> Required action: The answer must be an exact reprint of the lines from the one with "Coconut oil +" through the final line of the data, with no pictures included.

> Data excerpt:
◆ ◆ ◆

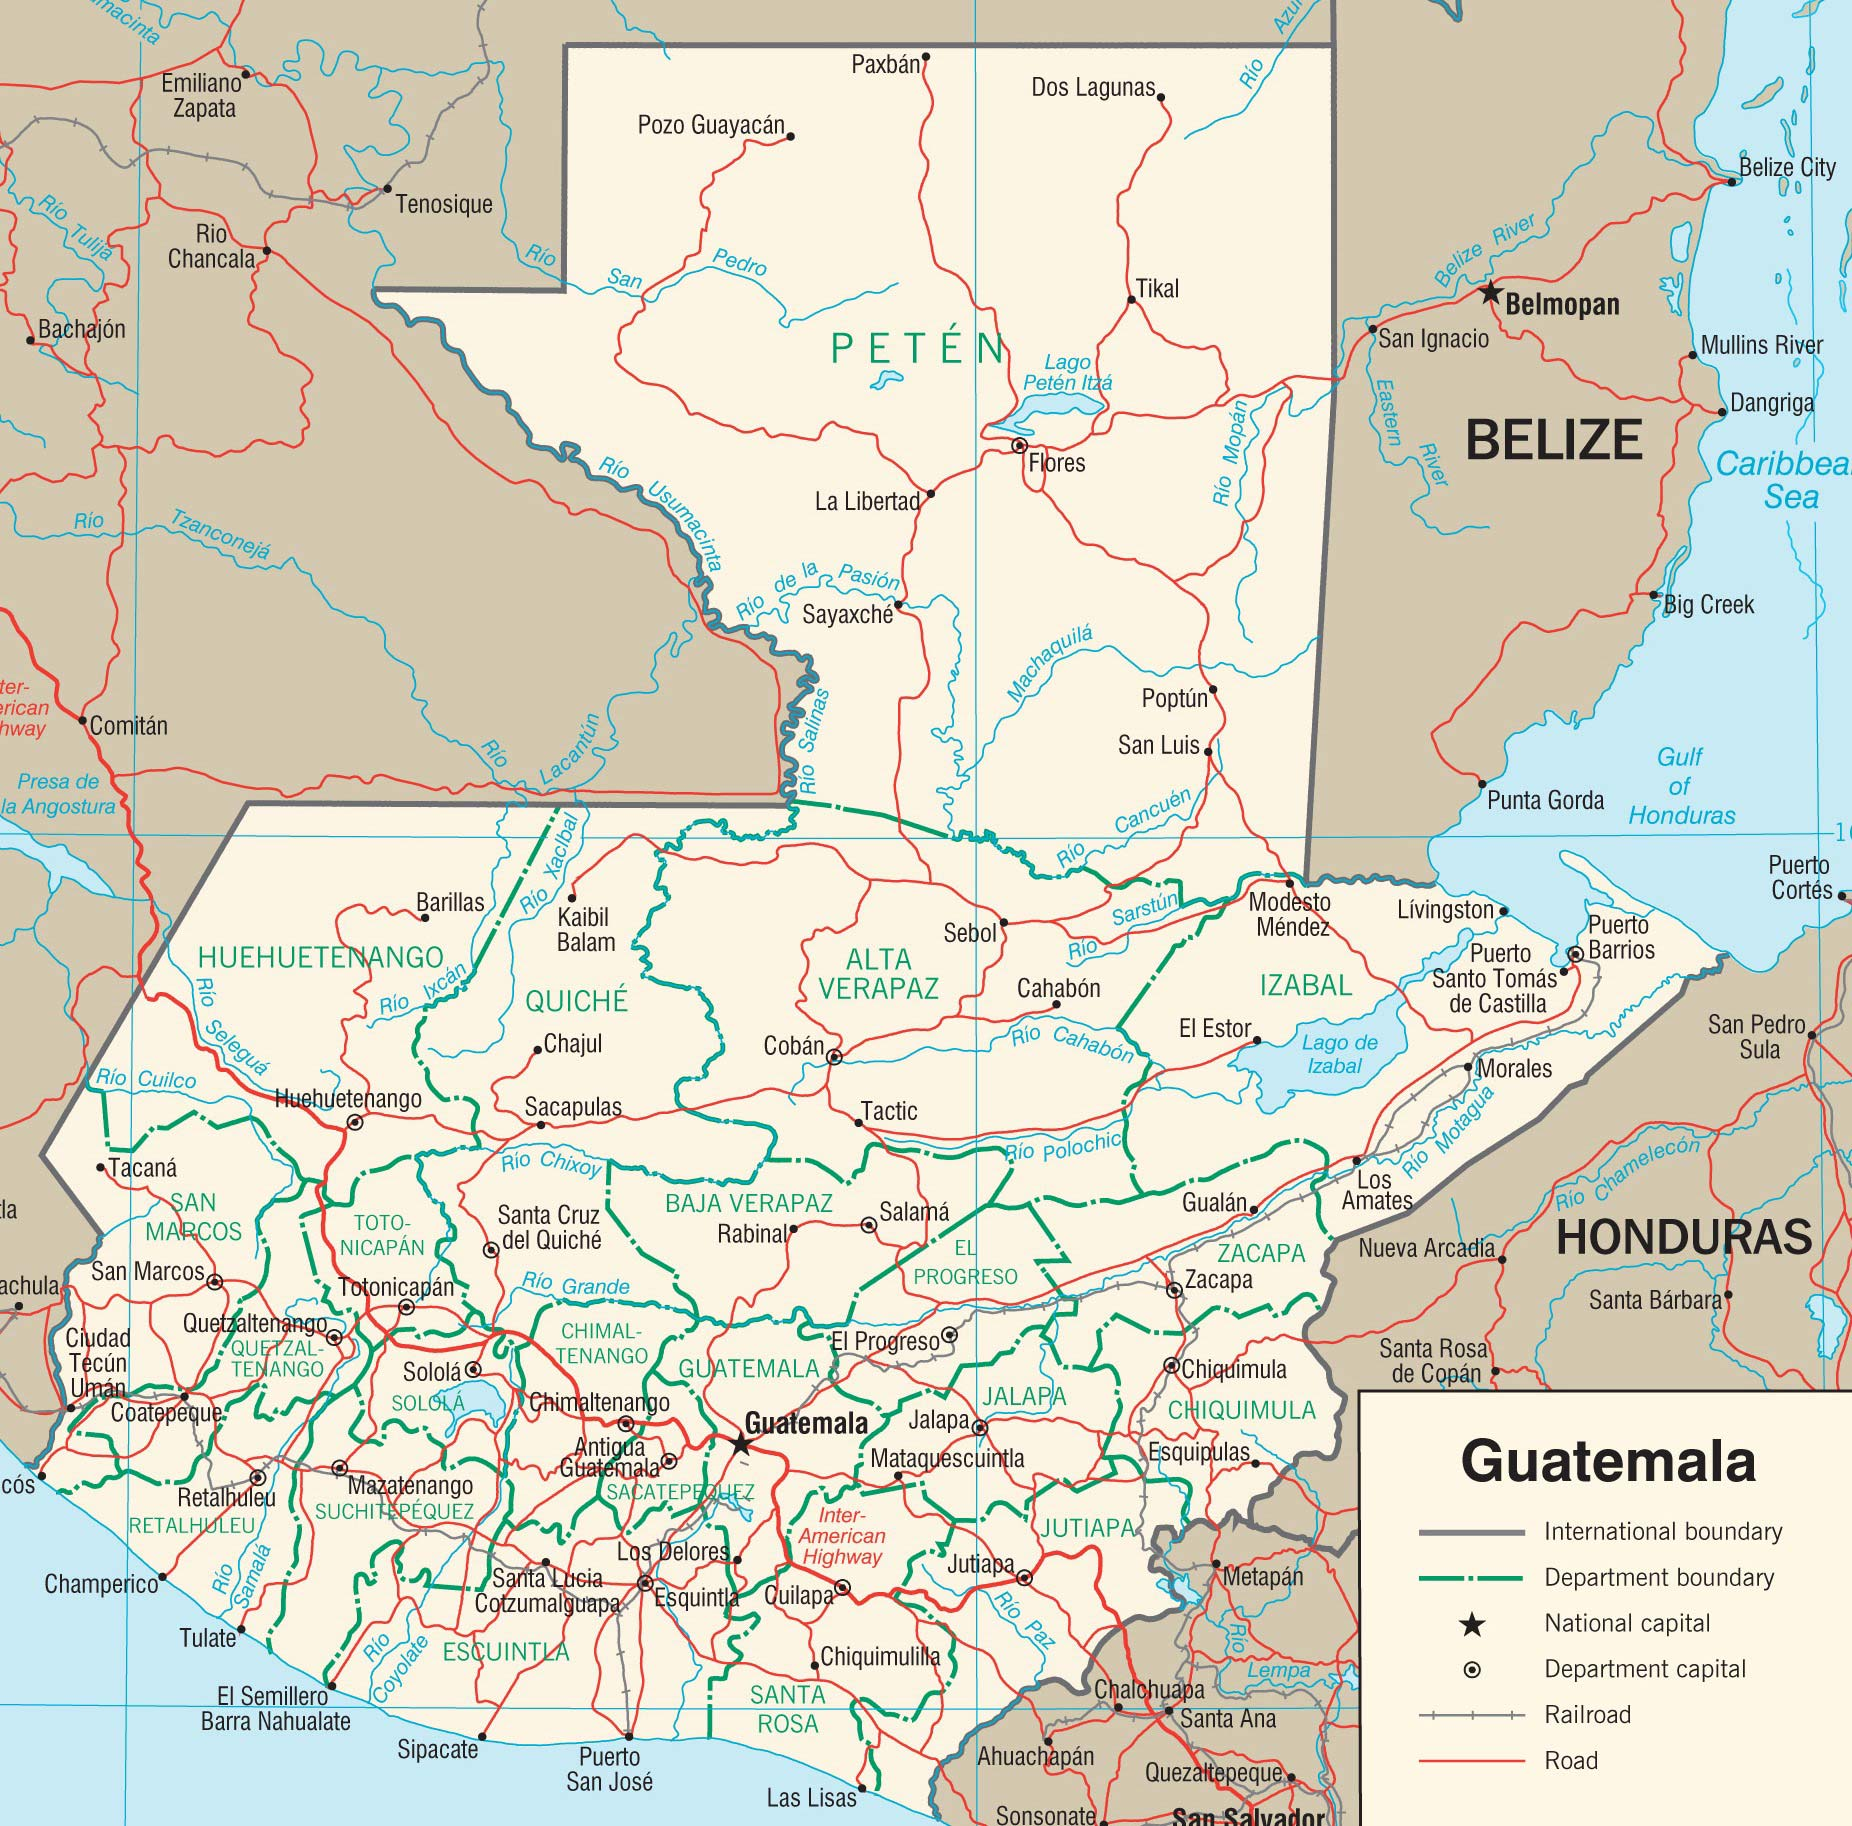 Carreteras importantes de Guatemala
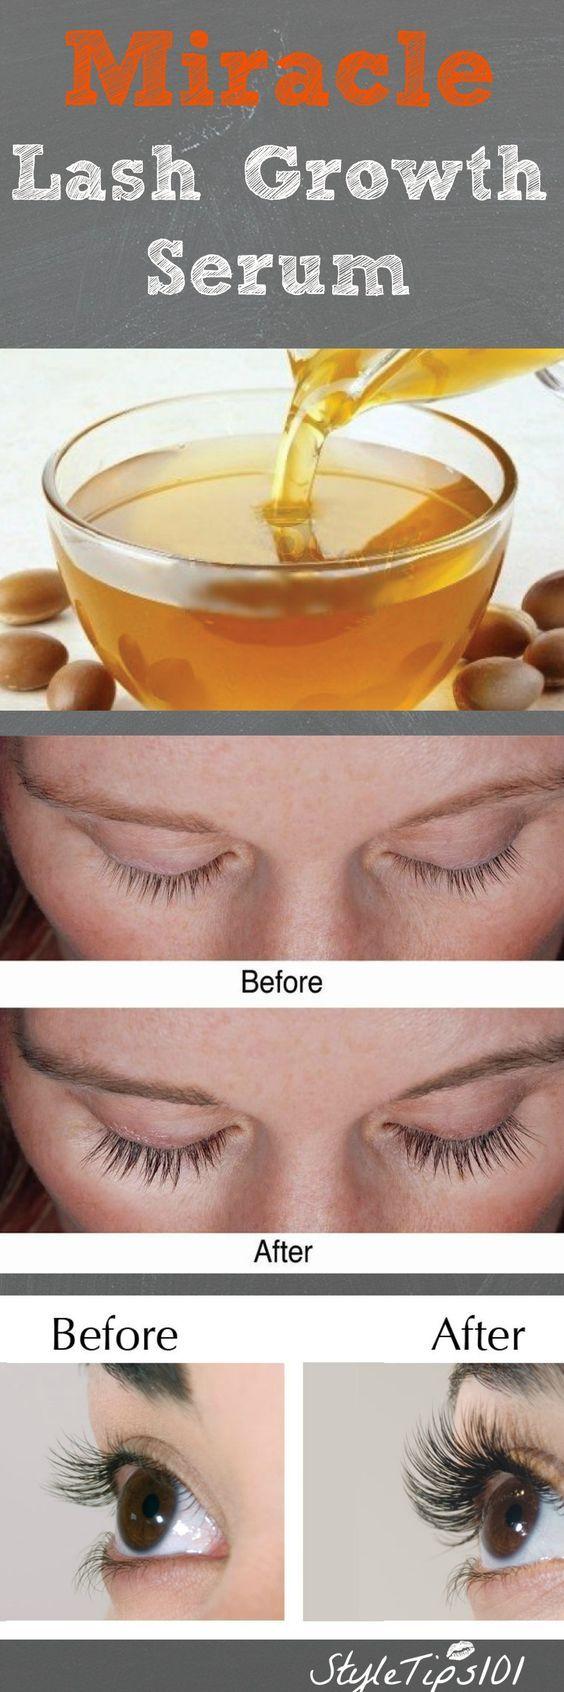 Coconut oil + castor oil = miracle lash growth!!!
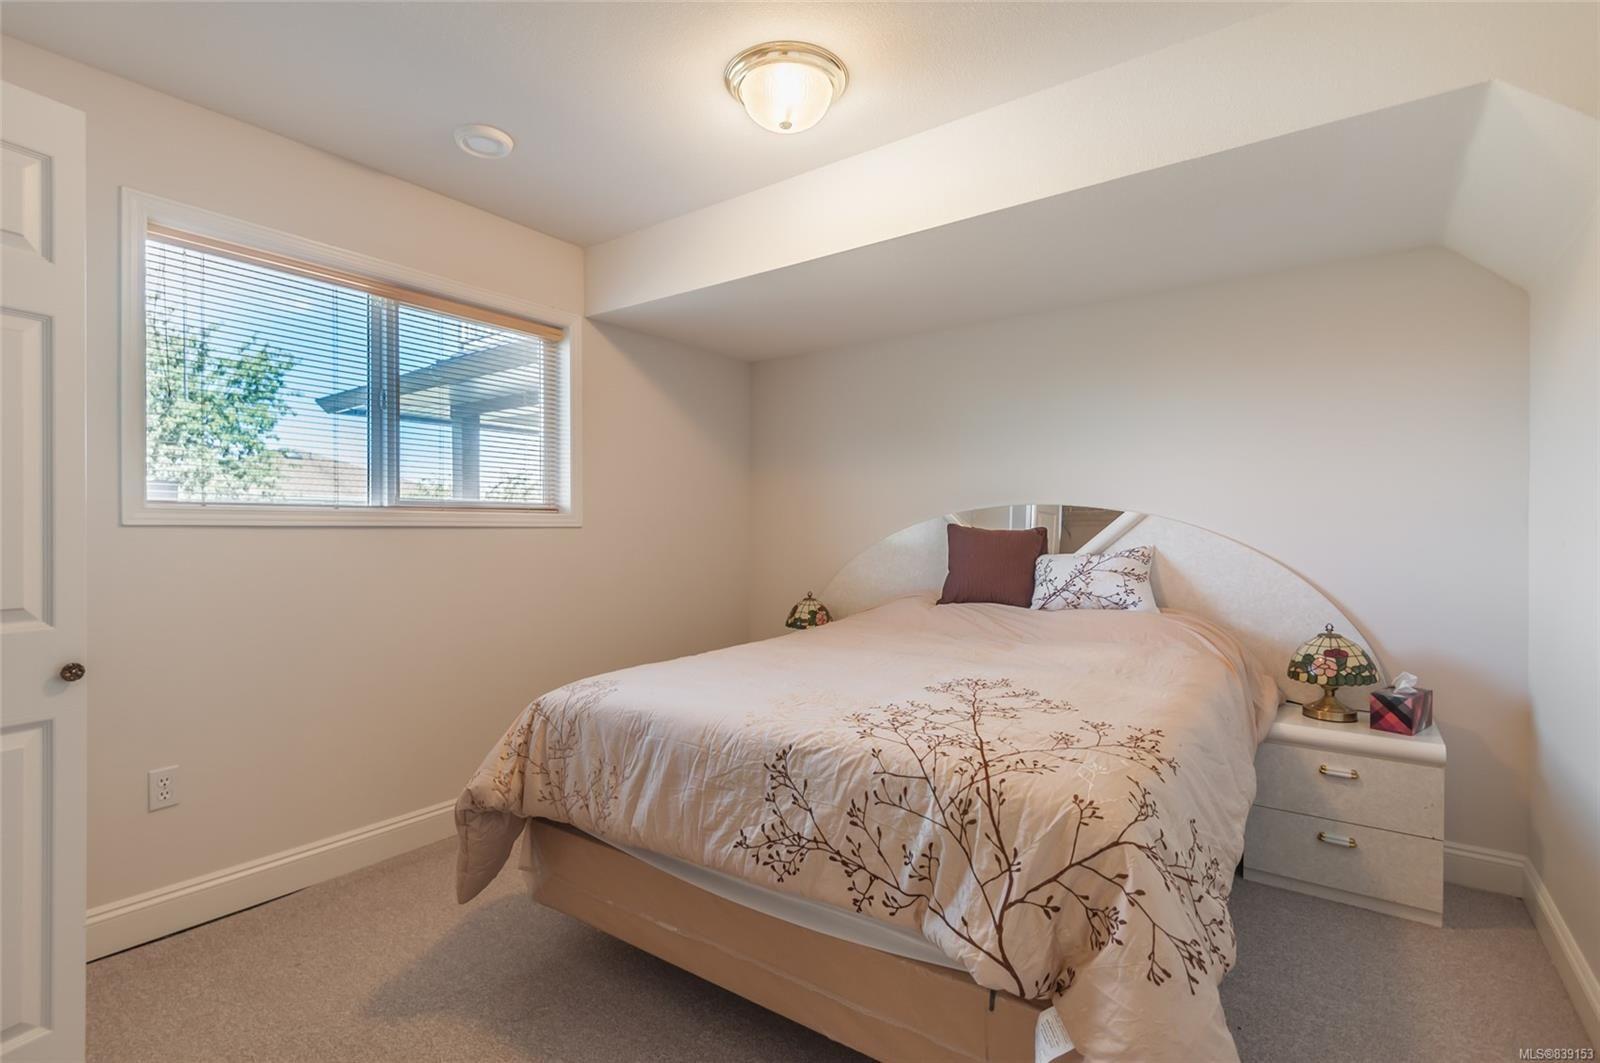 Photo 42: Photos: 6412 Dover Rd in NANAIMO: Na North Nanaimo House for sale (Nanaimo)  : MLS®# 839153

◆ ◆ ◆

> Exercise response:
 Coconut oil + castor oil = miracle lash growth!!!
 Photo 42: Photos: 6412 Dover Rd in NANAIMO: Na North Nanaimo House for sale (Nanaimo)  : MLS®# 839153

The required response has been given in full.